_What you should do_. Where in the data below does the word "image" appear? Copy each line that holds it.

_Records from a dataset_.
____
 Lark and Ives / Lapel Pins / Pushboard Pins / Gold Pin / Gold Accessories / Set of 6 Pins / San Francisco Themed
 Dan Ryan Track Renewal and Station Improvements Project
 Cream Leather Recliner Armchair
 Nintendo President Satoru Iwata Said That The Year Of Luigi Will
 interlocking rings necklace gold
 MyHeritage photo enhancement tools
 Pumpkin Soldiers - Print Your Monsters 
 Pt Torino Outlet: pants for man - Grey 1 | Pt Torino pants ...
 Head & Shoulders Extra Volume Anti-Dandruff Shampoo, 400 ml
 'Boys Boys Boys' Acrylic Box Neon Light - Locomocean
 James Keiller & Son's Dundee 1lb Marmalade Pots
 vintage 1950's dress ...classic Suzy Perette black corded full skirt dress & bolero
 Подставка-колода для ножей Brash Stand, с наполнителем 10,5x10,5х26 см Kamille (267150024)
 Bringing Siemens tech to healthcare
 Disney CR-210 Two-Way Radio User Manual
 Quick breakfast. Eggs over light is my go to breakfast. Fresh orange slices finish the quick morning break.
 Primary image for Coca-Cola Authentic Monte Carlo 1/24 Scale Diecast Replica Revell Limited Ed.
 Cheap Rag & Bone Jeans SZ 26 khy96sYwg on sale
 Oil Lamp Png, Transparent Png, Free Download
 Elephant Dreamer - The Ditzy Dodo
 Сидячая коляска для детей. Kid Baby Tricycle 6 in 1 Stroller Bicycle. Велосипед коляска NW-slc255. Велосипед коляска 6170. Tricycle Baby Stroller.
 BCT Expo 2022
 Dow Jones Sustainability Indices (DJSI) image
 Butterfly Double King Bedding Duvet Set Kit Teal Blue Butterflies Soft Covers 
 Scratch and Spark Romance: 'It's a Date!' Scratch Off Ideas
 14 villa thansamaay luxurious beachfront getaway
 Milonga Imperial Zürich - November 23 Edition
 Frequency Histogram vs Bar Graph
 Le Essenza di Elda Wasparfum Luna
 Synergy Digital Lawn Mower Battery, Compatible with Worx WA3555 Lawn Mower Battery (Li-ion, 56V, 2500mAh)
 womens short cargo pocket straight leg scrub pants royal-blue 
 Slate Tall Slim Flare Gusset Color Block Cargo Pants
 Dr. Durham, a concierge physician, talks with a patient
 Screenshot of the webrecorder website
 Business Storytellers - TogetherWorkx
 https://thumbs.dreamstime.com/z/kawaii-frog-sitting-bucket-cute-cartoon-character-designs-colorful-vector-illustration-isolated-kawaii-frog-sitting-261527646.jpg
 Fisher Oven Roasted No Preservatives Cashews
____
_Exercise answer_.
 Primary image for Coca-Cola Authentic Monte Carlo 1/24 Scale Diecast Replica Revell Limited Ed.
 Dow Jones Sustainability Indices (DJSI) image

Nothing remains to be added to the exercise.